Information provided:
((

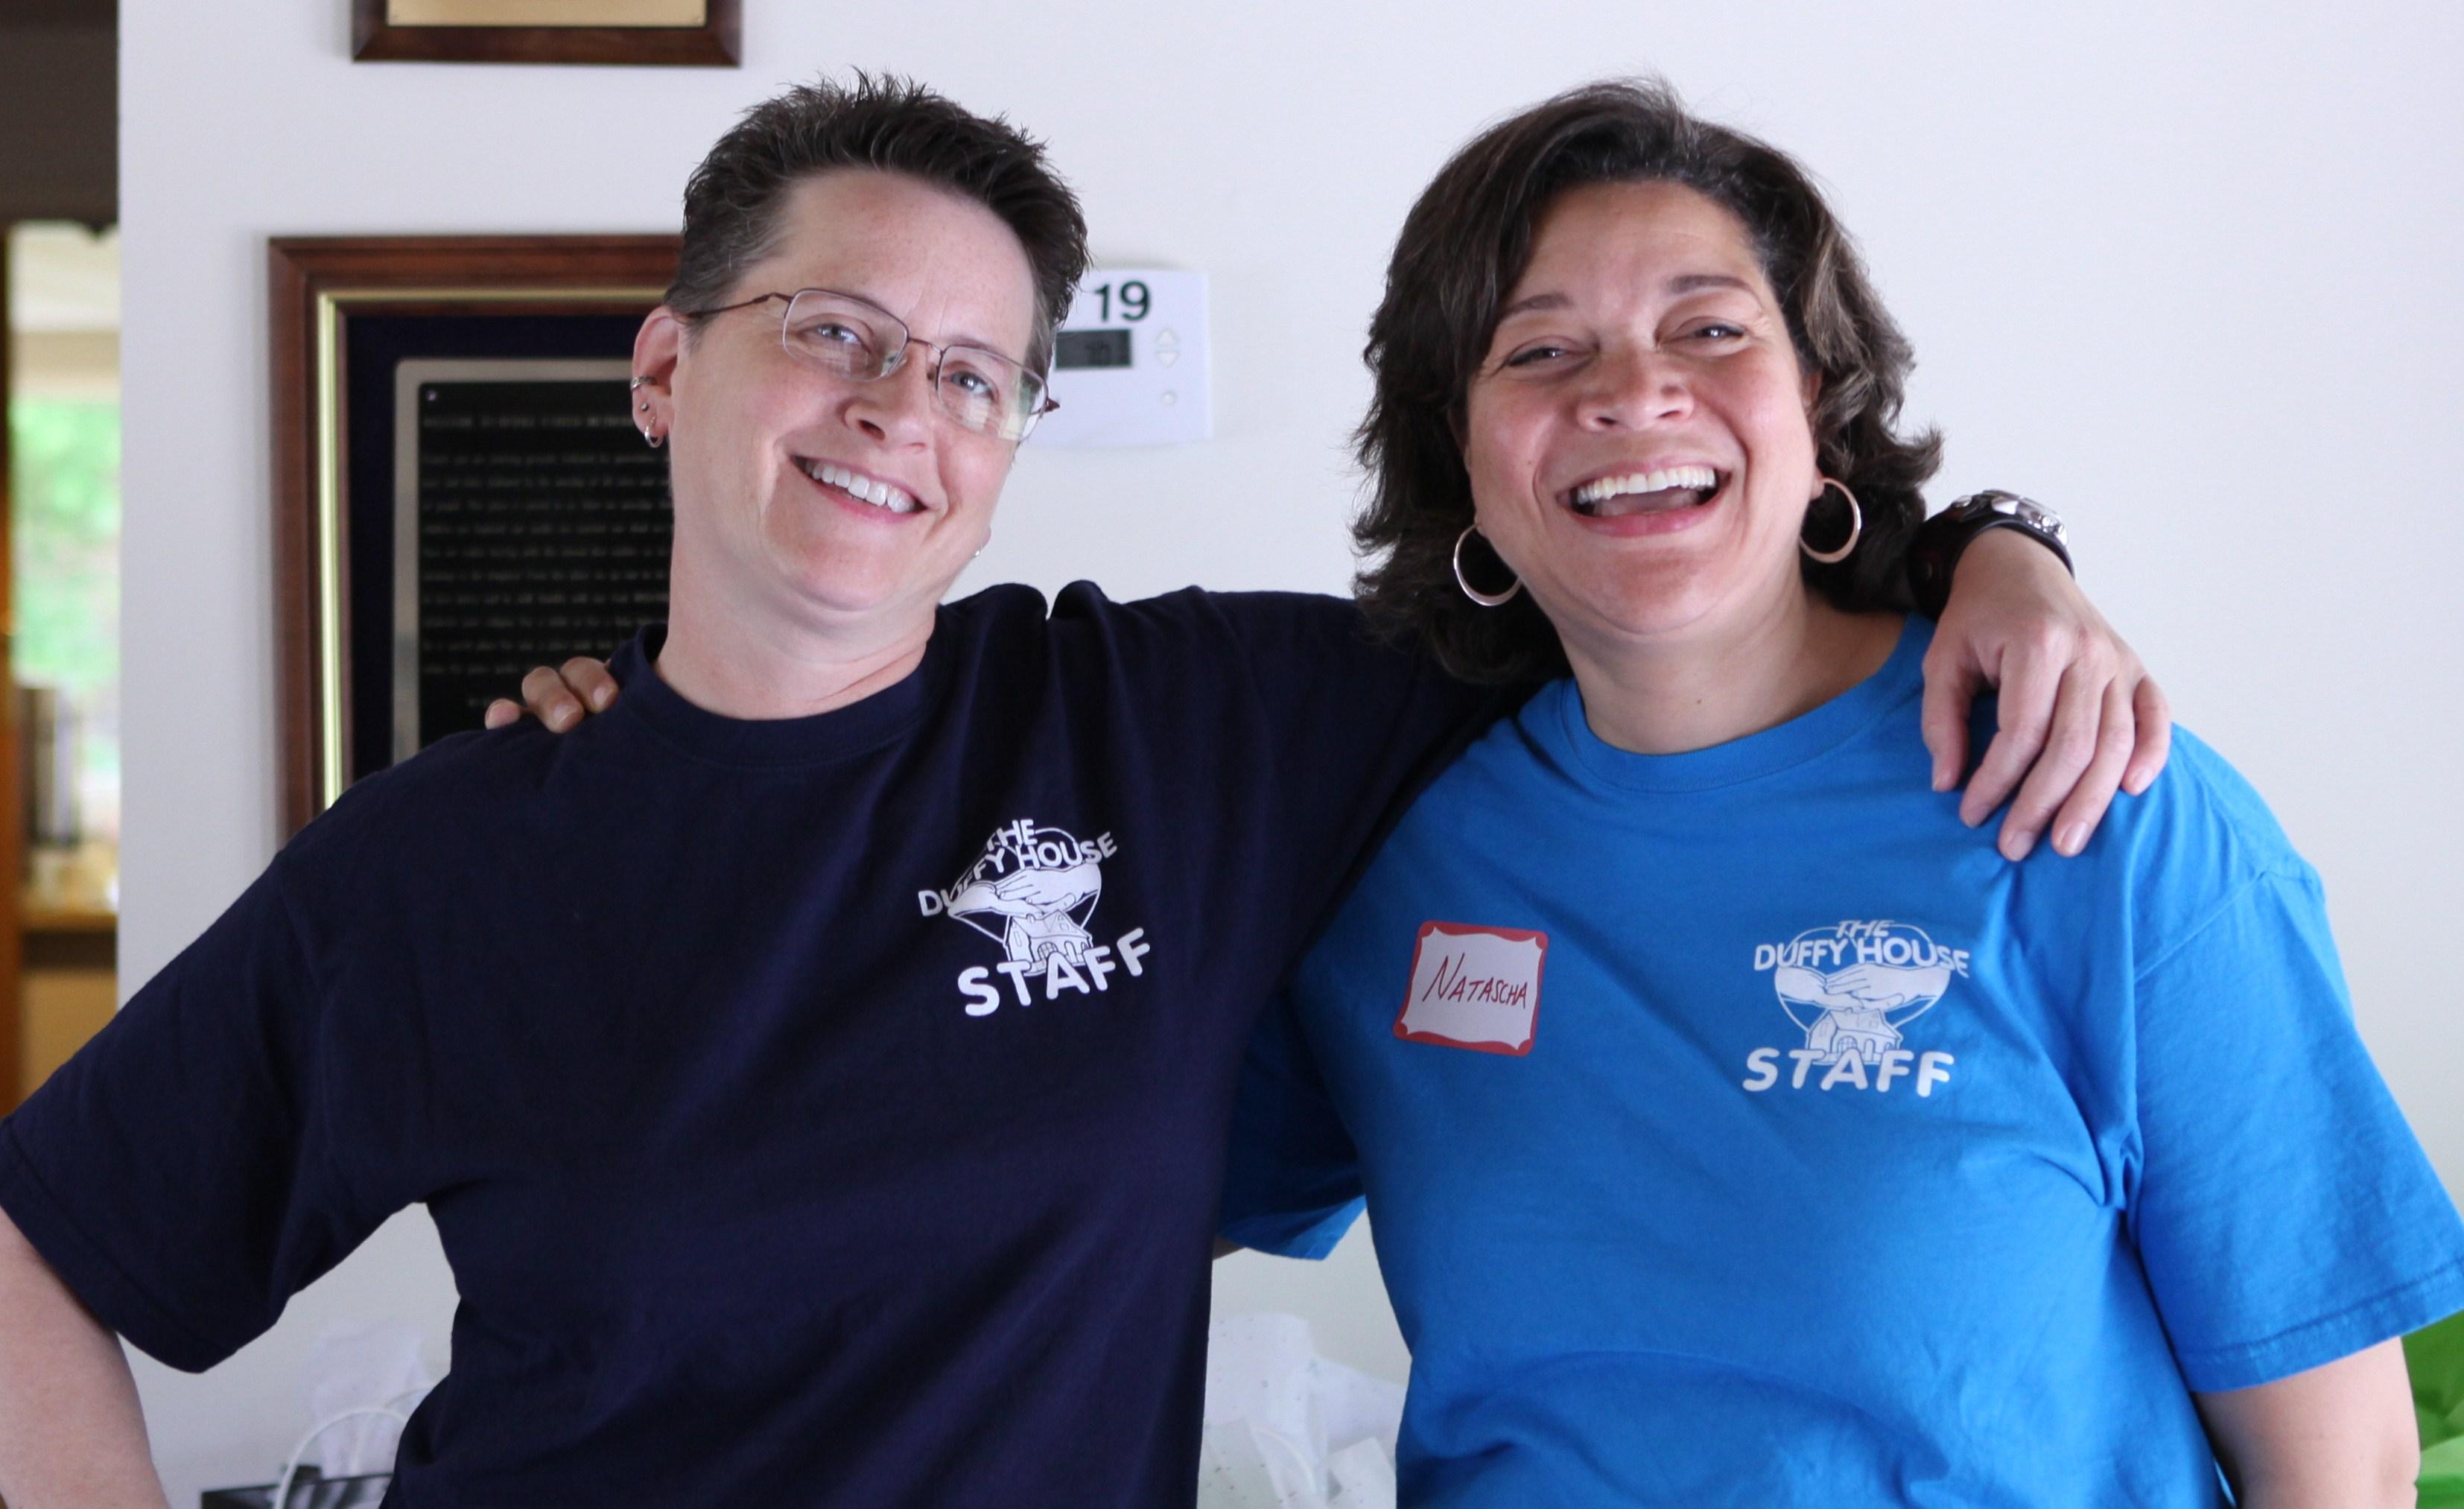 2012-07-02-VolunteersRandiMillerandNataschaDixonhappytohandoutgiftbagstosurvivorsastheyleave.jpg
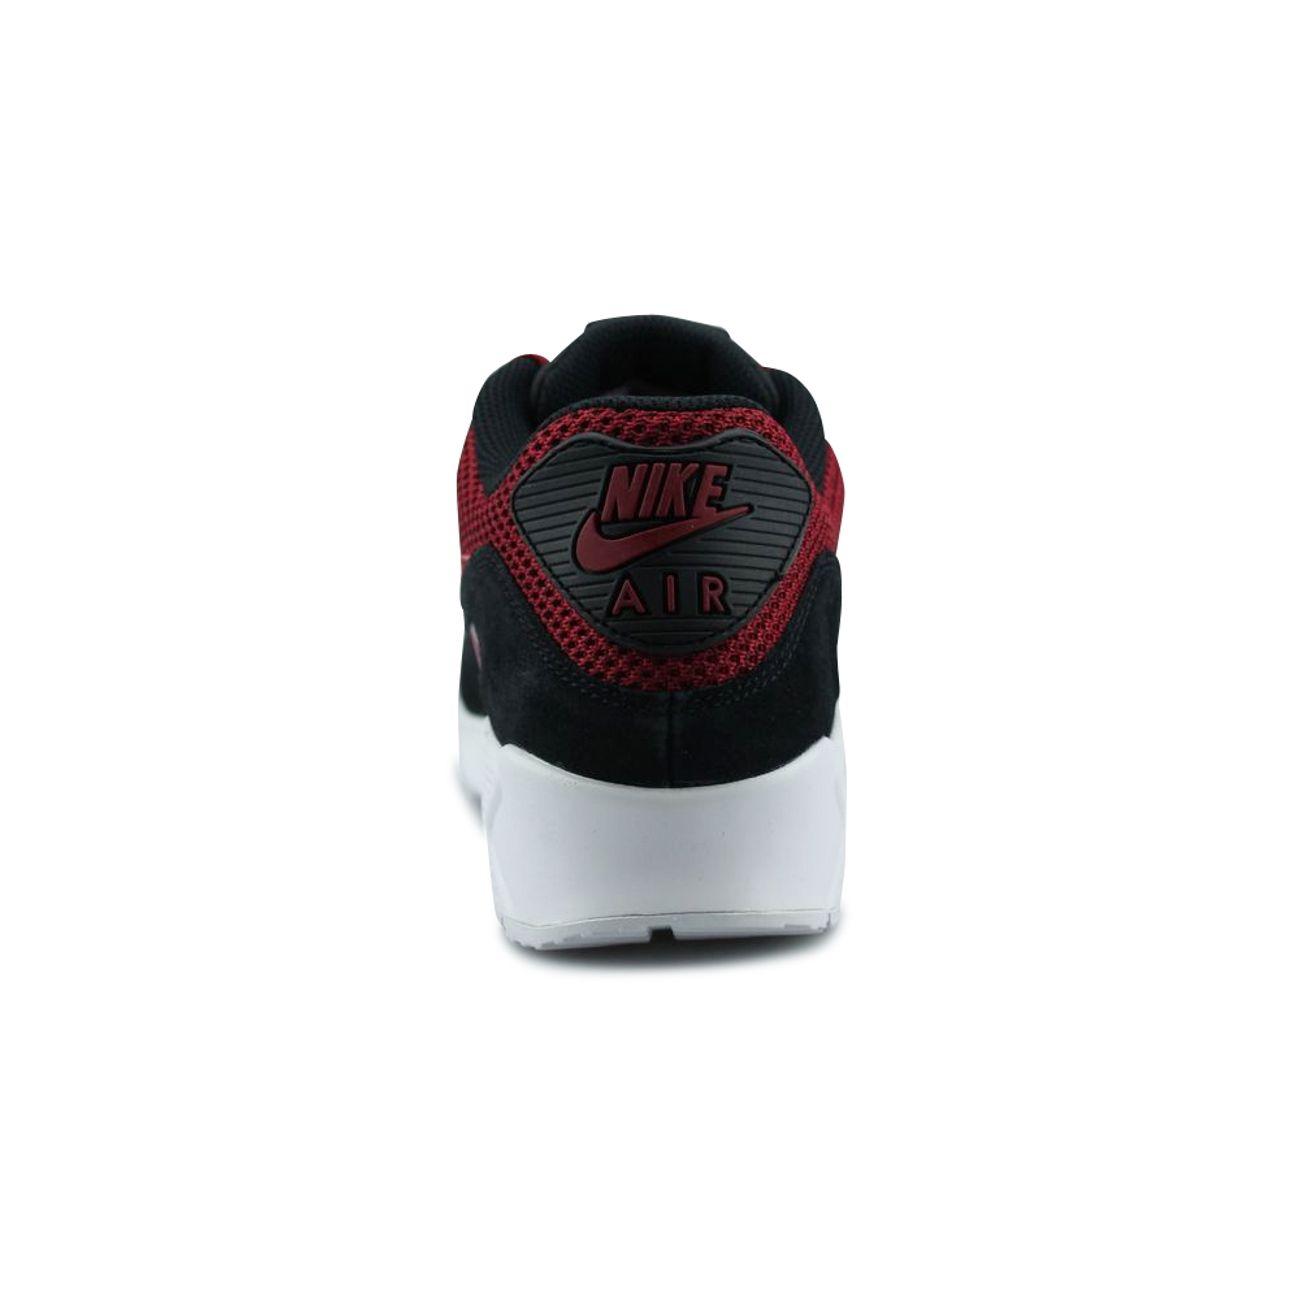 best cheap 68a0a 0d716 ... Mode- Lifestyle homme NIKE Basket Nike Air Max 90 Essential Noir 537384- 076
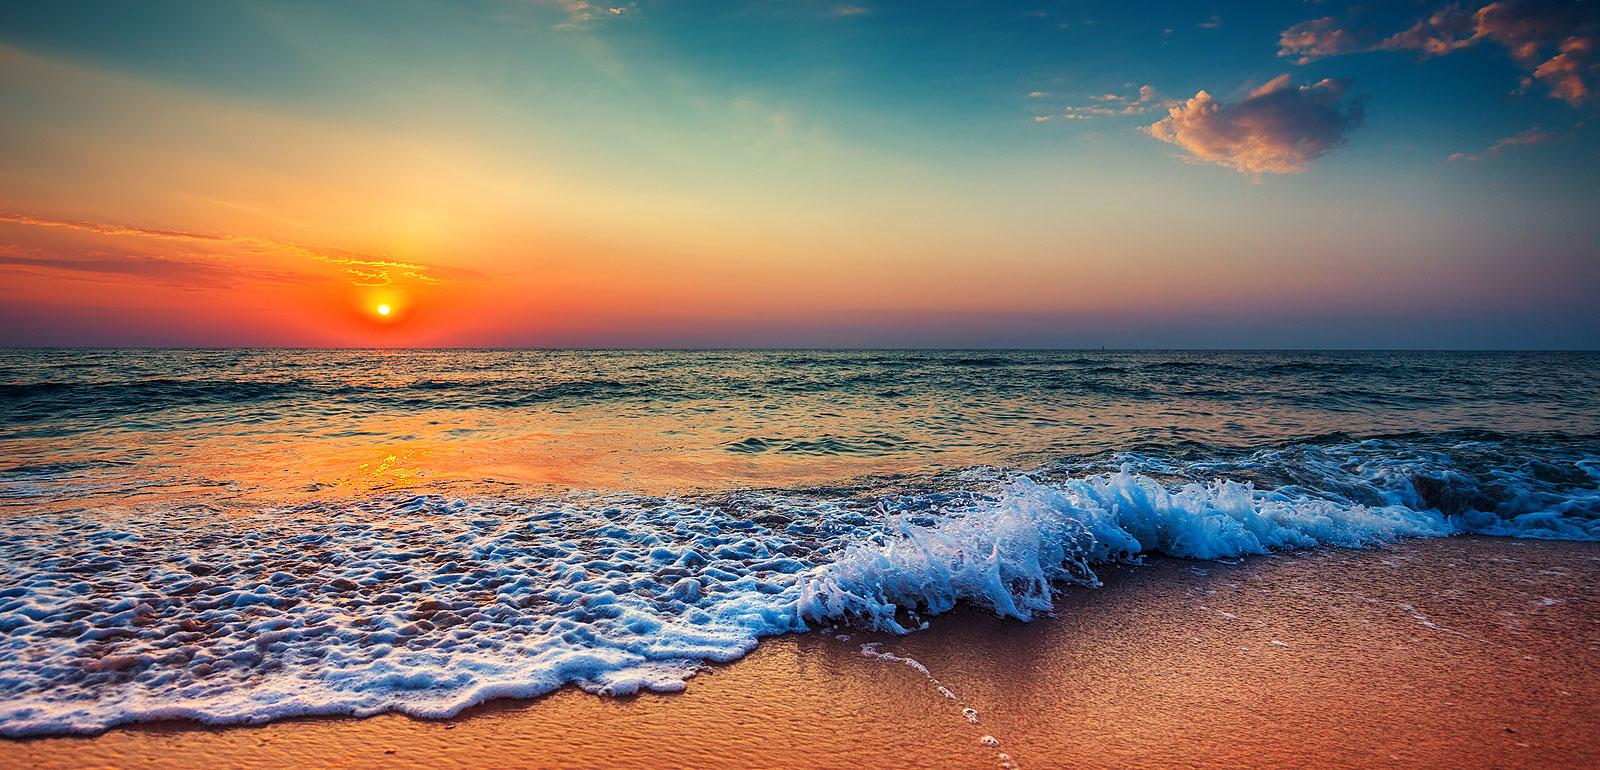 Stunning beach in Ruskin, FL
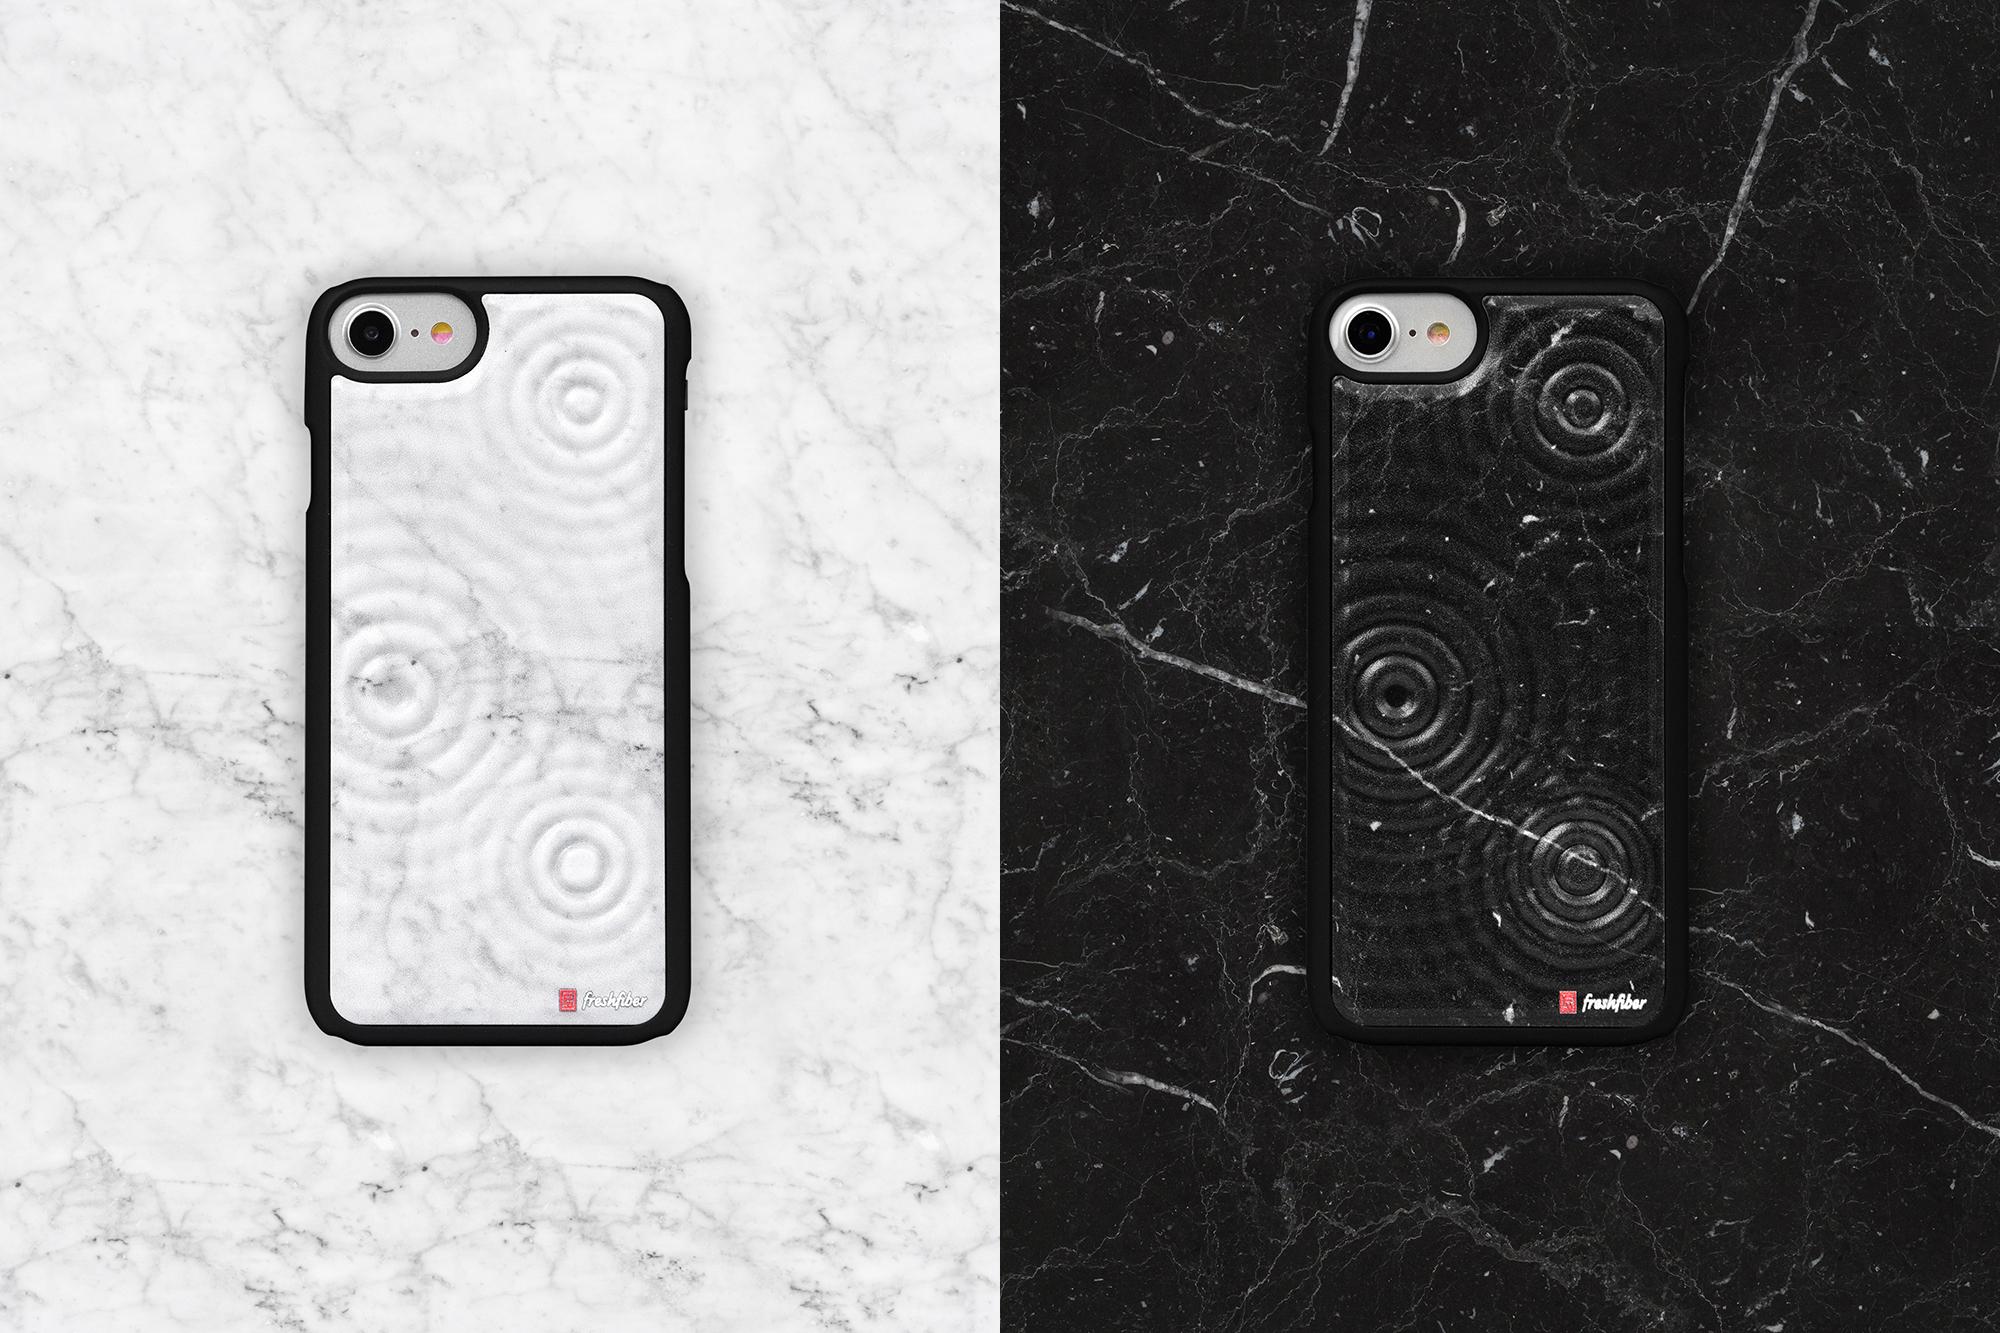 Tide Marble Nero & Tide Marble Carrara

))

I'd like the material above repeated exactly, with the pictures omitted.

 2012-07-02-VolunteersRandiMillerandNataschaDixonhappytohandoutgiftbagstosurvivorsastheyleave.jpg
 best cheap 68a0a 0d716 ... Mode- Lifestyle homme NIKE Basket Nike Air Max 90 Essential Noir 537384- 076
 Stunning beach in Ruskin, FL
 Tide Marble Nero & Tide Marble Carrara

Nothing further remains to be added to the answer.